Orthopoxvirus Evolution: Automated Genome Annotation, Advanced Phylogeny and Analysis of Genome Plasticity

Poxviruses within the genus Orthopoxvirus (OPXV) exhibit significant zoonotic potential,
leading frequently to human spill-over infections. The natural reservoir for
the major Cowpox virus (CPXV) strains within OPXV is believed to be voles or
small rodents, which can be further supported by the findings of this thesis.
The OPXV-specific genome assembly pipeline OPVassembly and the genome
annotation pipeline OPVanno were implemented to conduct a comprehensive gene
content analysis and phylogenetic analysis. Both command-line tools were made
available at https://doi.org/10.5281/zenodo.10784666.
Out of 172 OPXV genomes that were (re-)annotated in this study, 41 CPXV
genomes provided by the National Reference Laboratory for Monkeypox (NRL) at
the Friedrich-Loeffler-Institute (FLI) were newly assembled and annotated. The
samples were collected from veterinary sources in Germany, England, Italy, Slovenia
and Lithuania as part of frequent rodent screenings or case studies from 2006 to
2020. 15 newly assembled genomes fell within the stable CPXV-Myodes clade containing
CPXV genomes that were predominantly sampled from Myodes glaerolus in
Germany between 2017 and 2020. Remarkably, the clade showed similarities with
New World poxviruses based on their gene conservation states. The large gene content
of both clades was distinct from CPXV-like 1 and 2. Overall, the gene content
analysis indicated that the genomic composition and macro-evolution of OPXV was
mainly driven by gene loss.
A set of 210 OPXV-specific orthologous gene groups was identified, which divided
further into 114 accessory genes and 96 core genes that were present in all 172
poxvirus genomes. For each core gene, a Maximum-Likelihood (ML) tree was computed
separately on the basis of DNA and AA. Three different topological distance
measures were compared against each other in a comprehensive tree space analysis.

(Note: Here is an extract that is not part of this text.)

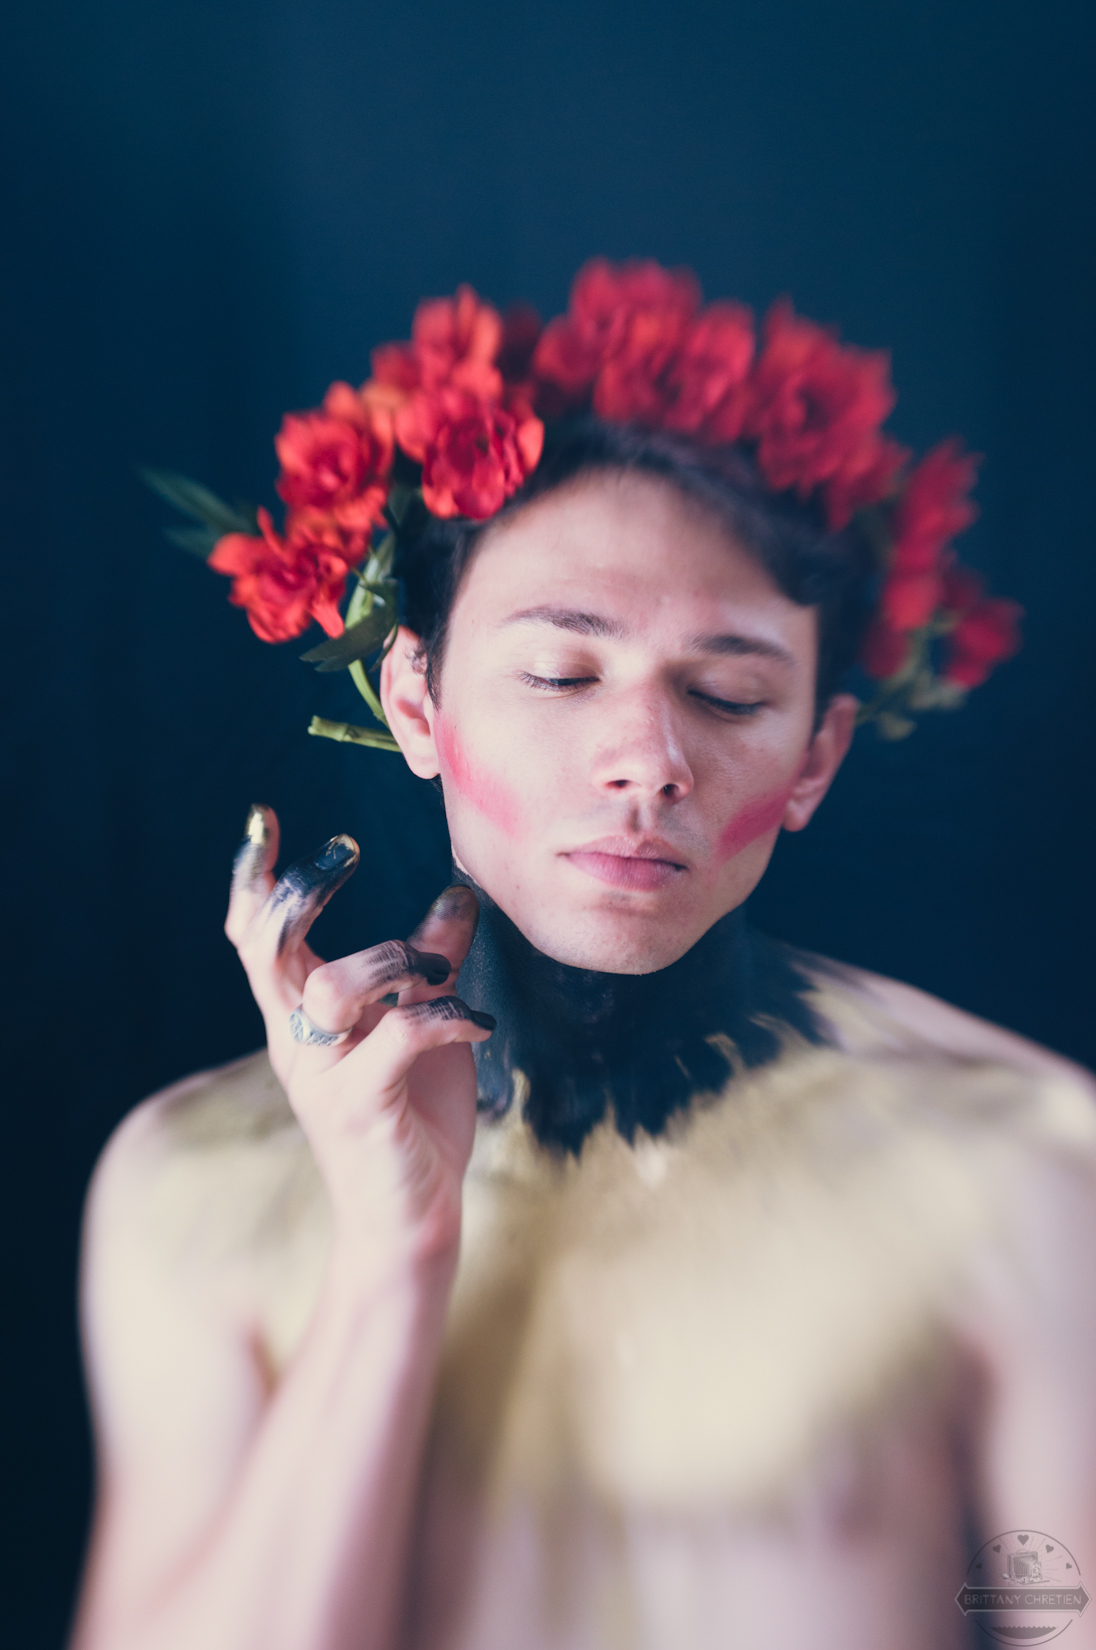 Portraiture male model occult floral lensbaby Nikon

The pairwise distances were computed on a set of 197 phylogenetic trees, including
two ML-trees, which were computed via concatenated DNA/AA alignment of the
core genes using a partitioning model. With respect to their topology, the DNA core
gene trees were found to form a denser cluster around the concatenated-alignment
tree than the AA gene trees. The concatenated alignment of 96 core genes, while
20,000 bp shorter than the estimated core genome length of 120,000 bp, presented a
methodically sound underlying approach. Among the set of core genes, the gene tree
of the large DNA polymerase protein OPG071 was found to approximate OPXV’s
phylogeny. The additional computation of a supernetwork based on five core genes
revealed further evidence of recombination between the major CPXV clades.